Monitoring equity and research policy

Sound choices: Enhancing Capacity for Evidence-Informed Health Policy
Green A and Bennet S (eds): Alliance for Health Policy and Systems Research, World Health Organization

This Review addresses a mismatch between what is known about how to respond to particular health problems in poor economies and what is actually done about them. It focuses on one cause of the problems that ensue from the mismatch – capacity constraints. Weak capacity at a number of levels in the institutions and interfaces between knowledge generation and use in policy-making has been identified by the Alliance for Health Policy and Systems Research (HPSR) as a key strategic issue in addressing health care in low-income countries.

South Africa Survey 2008/2009
South African Institute of Race Relations: 2009

International comparisons show that the average South African will not live longer than 50 years. South Africa was one of only six out of a group of 37 developed and developing countries that had a decreasing life expectancy between 1990 and 2007. South Africa’s life expectancy decreased from 62 years in 1990, to 50 years in 2007. Only Zimbabwe had a worse trend for life expectancy. The statistics in this report show that, in 2009, the average life expectancy at birth for South Africans was 51 years. Between 2001 and 2006 the life expectancy at birth was 51 years for males, and 55 years for females. This is expected to decrease between 2006 and 2011 to 48 years for males, and 51 years for females. KwaZulu-Natal had the lowest life expectancy at birth in 2009 at 43 years, followed by the Free State and Mpumalanga at 47 years each. These three provinces also had some of the highest HIV prevalence rates at 16%, 14%, and 14% respectively. International comparisons also show that in 2007, some 27% of males and 33% of females in South Africa would survive to age 65. Out of a comparison group of 37 developing and developed countries, only Mozambique and Zimbabwe had lower survival rates.

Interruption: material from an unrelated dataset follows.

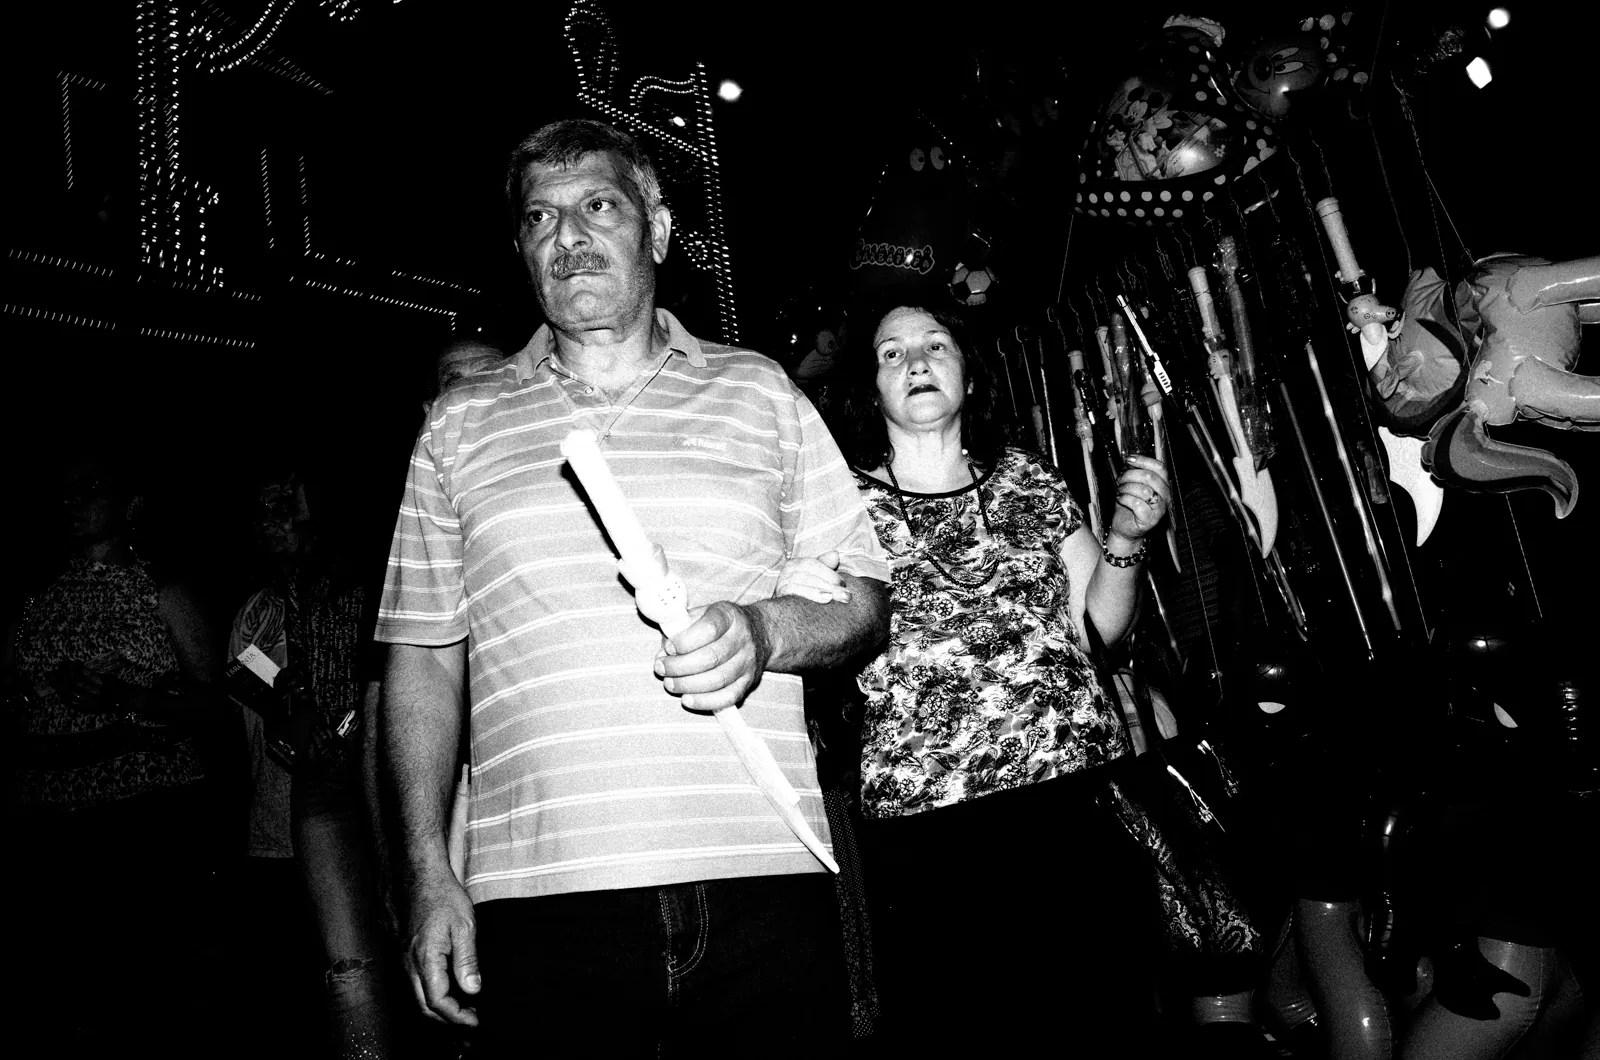 R0020032 - Una Istintiva Sessione Notturna • Street Photography Night Session a Palagonia - Sicilia - fotostreet.it
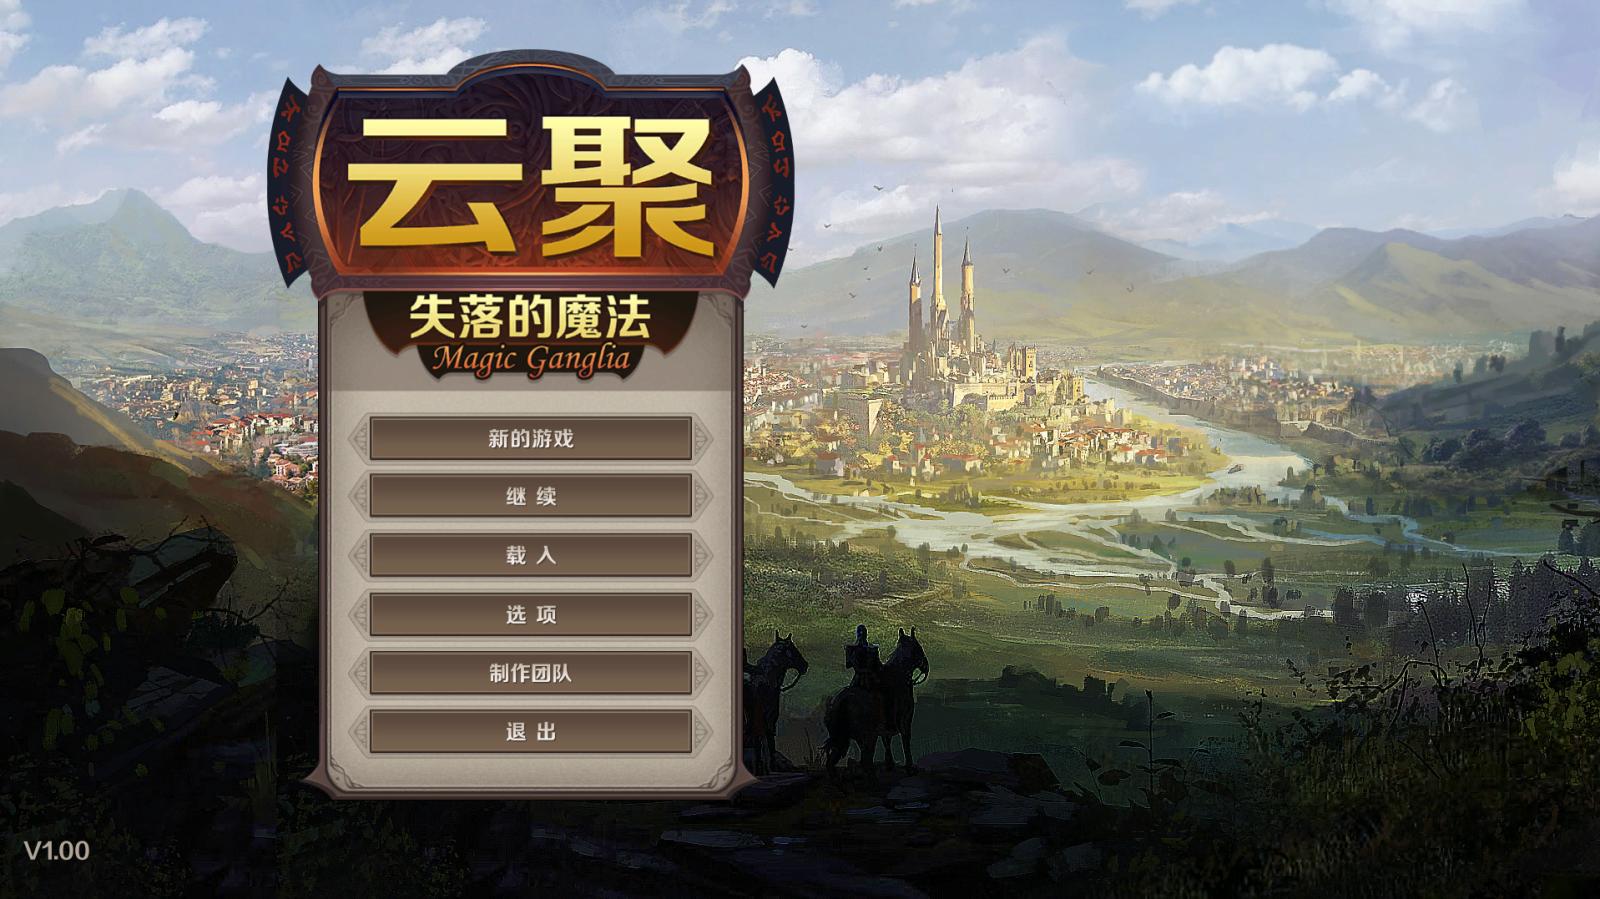 CRPG《云聚:失落的魔法》于8.16日在steam发售,由国内跑团圈资深DM开发。

South Africa: Questions about new HIV prevalence survey
PlusNews, 9 September 2008

Several prominent demographers and scientists have vigorously refuted Health Minister Manto Tshabalala-Msimang's claim that South Africa's HIV epidemic is declining and that the country 'may be making some real progress in its response to the HIV epidemic'. Tshabalala-Msimang's statement was based on a national survey of HIV prevalence among pregnant women, which researchers are describing as deeply flawed. The authors detected a problem when they noticed that changes in prevalence by age group did not tally with the change in overall prevalence, and that district figures were inconsistent with provincial estimates. They deduced that, in the 2006 survey, the results from district antenatal clinics were simply totalled to derive prevalence estimates for the country's nine provinces, but, in the 2007 survey, the health department began weighting provincial figures according to age groups, based on general population estimates for age distribution.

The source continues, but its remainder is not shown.